Very good background information on the latest attempt at discrediting Wikipedia.
Very nice piece. This is indeed mostly about building organizational knowledge. If someone leaves a project that person better not be alone to ensure some continuity... lost knowledge is very hard to piece back together.
OK, this is a nice parabole. I admit I enjoyed it.
Indeed, we'll have to relearn "internet hygiene", it is changing quickly now that we prematurely unleashed LLM content on the open web.
I very much agree with this. The relationship between developers and their frameworks is rarely healthy. I think the author misses an important advice though: read the code of your frameworks. When stuck invest sometime stepping into the frameworks with the debugger. Developers too often treat those as a black box.
Very interesting research. Looks like we're slowly moving away from the "language and thinking are intertwined" hypothesis. This is probably the last straw for Chomsky's theory of language. It served us well but neuroscience points that it's time to leave it behind.
Now the impact seems clear and this is mostly bad news. This reduces the production of public knowledge so everyone looses. Ironically it also means less public knowledge available to train new models. At some point their only venue to fine tune their models will be user profiling which will be private... I've a hard time seeing how we won't end up stuck with another surveillance apparatus providing access to models running on outdated knowledge. This will lock so many behaviors and decisions in place.
Very good point. You might not remember the content, but if it impacted the way you think it did its job.
When SEO and generated content meet... this isn't pretty. The amount of good content on the web reduced in the past decade, it looks like we're happily crossing another threshold in mediocrity.
The actual dangers of generative AI. Once the web is flooded with generated content, what will happen to knowledge representation and verifiability?
Very interesting study, shows how toxic comments impact contributions. Gives a good idea of the probability for people to leave. In the case of Wikipedia this highlights reasons which contribute to the lack of diversity in the contributors. This is a complex community issue in general, this studies does a good thing by shedding some light on the dynamics in the case of Wikipedia.
Interesting move, I'm wondering how far this will go. Reuse of those functions in other Wikimedia project will be critical to its success.
Looks like an old website, still it does a neat job of explaining how the field of knowledge representation evolved. This is nice to see a reference for beginners since I dabbled quite a bit into this years ago and it wasn't very accessible.
A good reminder on how the "five why" are just a starting pont. For proper investigation and risk management you need to go deeper.
Interesting alternative to the "T-shaped skills" metaphor.
Very nice article. We must not loose from sight that actual learning requires some sort of effort. Even better when it's coupled to using your hands (definitely why I still take notes written by hands for some things).
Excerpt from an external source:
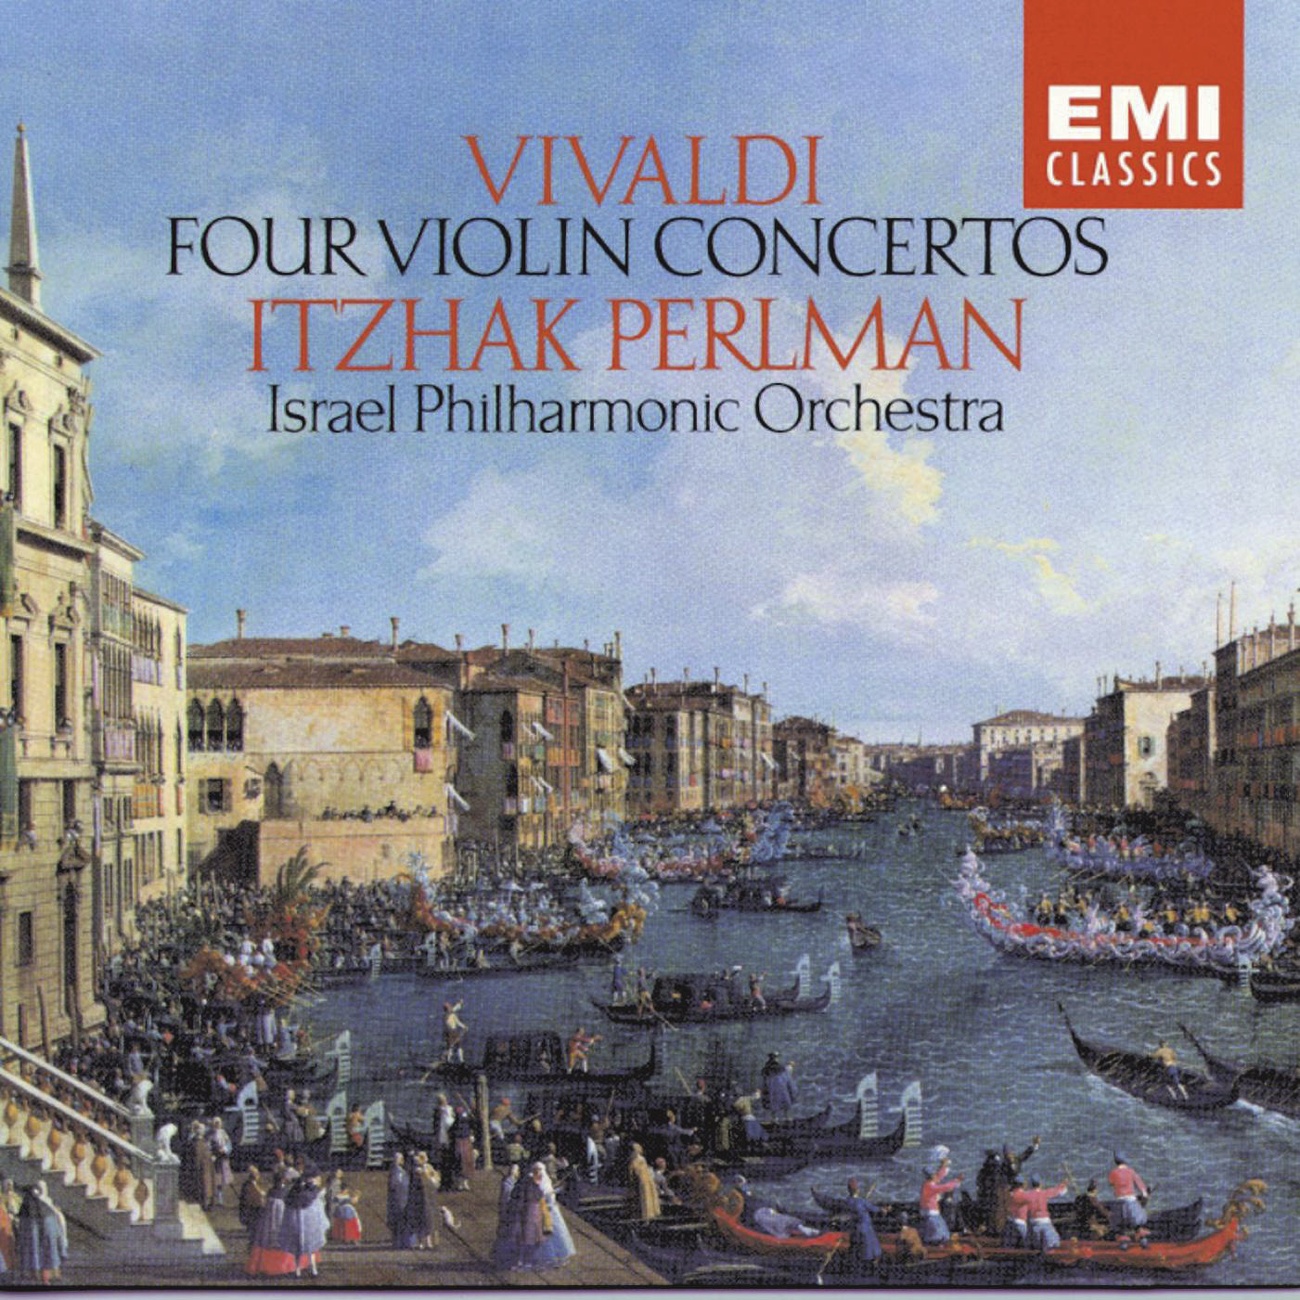 Four Violin Concertos - Vivaldi

So much this. It's important to keep in mind what will last and what is the buzz of the day. Especially since the lines between news and entertainment became so blurry.
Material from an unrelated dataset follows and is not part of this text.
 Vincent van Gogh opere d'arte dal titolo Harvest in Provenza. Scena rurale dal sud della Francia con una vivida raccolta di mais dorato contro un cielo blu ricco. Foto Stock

So transformer models produce things that look plausible... and that's it. What would it look like if we started to make hybrid models in which a transformer model is also tied to proper computation tools with general knowledge? This piece is a good illustration of what it could provide.
Too often forgotten. Data is indeed a mean to an end. It's not outright knowledge and will require work to be useful. It better be aligned with your needs if you want to use it for decision making.
This is indeed very much true... there's a clear crisis in research. It turned into a hamster wheel of publishing articles at a constantly faster pace. The incentives are misguided which pushes that behavior to even have a career. Meanwhile, knowledge building suffers.